The Holy Family, or Critique of Critical Critique (Die heilige Familie, oder Kritik der kritischen Kritik) is a book written by Karl Marx and Friedrich Engels in November 1844 and published in 1845. The book is a critique of the Young Hegelians and their trend of thought, which was very popular in academic circles at the time. The title was a suggestion by the publisher and is meant as a sarcastic reference to the Bauer Brothers and their supporters. The book created a controversy with much of the press and caused Bruno Bauer to refute the book in an article which was published in Wigand's Vierteljahrsschrift in 1845. Bauer claimed that Marx and Engels misunderstood what he was saying. Marx later replied to his response with his own article that was published in the journal Gesellschaftsspiegel in January 1846. Marx also discussed the argument in the second chapter of The German Ideology.

==History==
During Engels' short stay in Paris in 1844, Marx suggested that they should write together a critique of the rage of their day, the Young Hegelians. While accomplishing their plan, the first joint writing project between them was accomplished and thus the beginning of their friendship.

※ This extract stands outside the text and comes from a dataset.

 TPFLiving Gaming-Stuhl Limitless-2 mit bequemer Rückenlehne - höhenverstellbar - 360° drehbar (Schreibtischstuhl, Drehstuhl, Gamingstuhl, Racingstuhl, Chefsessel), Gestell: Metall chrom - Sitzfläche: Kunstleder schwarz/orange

After conversing, they began drawing up plans for a book about the Young Hegelian trend of thought very popular in academic circles. Agreeing to co-author the foreword, they divided up the other sections. Engels finished his assigned chapters before leaving Paris. Marx had the larger share of work, and he completed it by the end of November 1844. Marx would draw from his Economic and Philosophic Manuscripts, on which he had been working the spring and summer of 1844.

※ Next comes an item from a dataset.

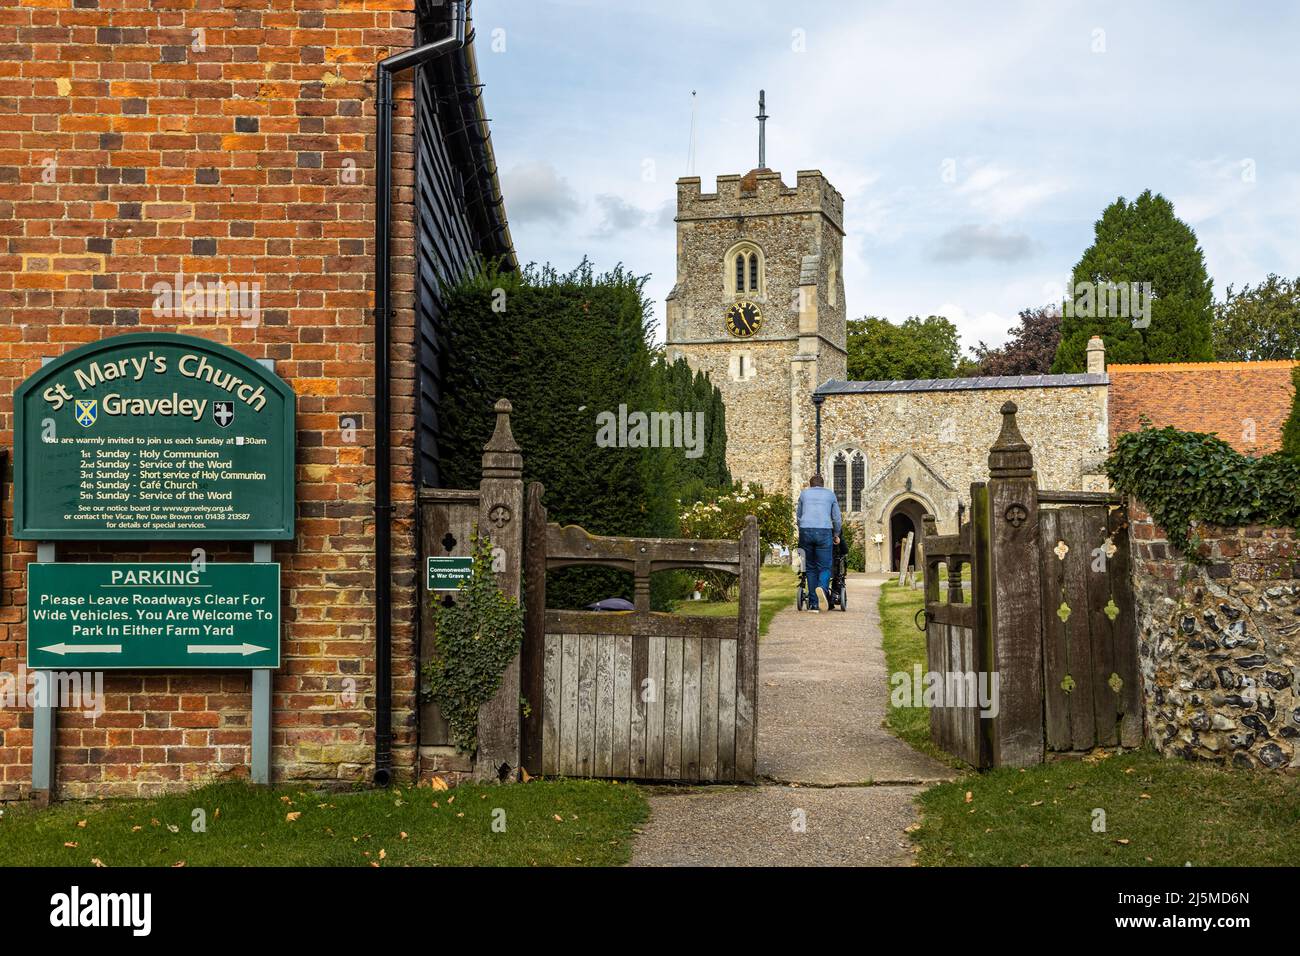 St. Mary's Church Graveley, am frühen Morgen Sonntagsgottesdienst mit Gemeindemitglieder Eingabe, Hertfordshire England Großbritannien Stockfoto

The foremost title line, The Holy Family, was added at the suggestion of the book publisher Lowenthal. It is a sarcastic reference to the Bauer brothers (Bruno and Edgar) and their supporters amongst the Hegelians who had attempted a critical renovation of Christianity, hence the subtitle A Critique of Critical Critique. Later Marx will continue this sarcasm by referring to them as Saint Bruno, Saint Max (Stirner), etc.

The book made something of a splash in the newspapers. One paper noted that it expressed socialist views since it criticized the "inadequacy of any half-measures directed at eliminating the social ailments of our time."

==Content==
The Holy Family is among the earlier works of Marx and Engels which discusses the concept behind the later-coined term false consciousness. Marx describes how communist workers are able to break out of the false consciousness prevalent under capitalism:

They (the communist workers) are most painfully aware of the difference between being and thinking, between consciousness and life. They know that property, capital, money, wage-labor and the like are no ideal figments of the brain but very practical, very objective products of their self-estrangement.
— Karl Marx and Friedrich Engels, Chapter IV. "Critical Criticism" as the Tranquillity of Knowledge, or "Critical
Criticism" as Herr Edgar, Section on Proudhon.

In the original German, this reads as follows:

Sie empfinden sehr schmerzlich den Unterschied zwischen Sein und Denken, zwischen Bewußtsein und Leben. Sie wissen, daß Eigentum, Kapital, Geld, Lohnarbeit u. dgl. durchaus keine ideellen Hirngespinste, sondern sehr praktische, sehr gegenständliche Erzeugnisse ihrer Selbstentfremdung sind, die also auch auf eine praktische, gegenständliche Weise aufgehoben werden müssen, damit nicht nur im Denken, im Bewußtsein, sondern im massenhaften Sein, im Leben der Mensch zum Menschen werde.
— Karl Marx and Friedrich Engels, Die heilige Familie, viertes Kapitel.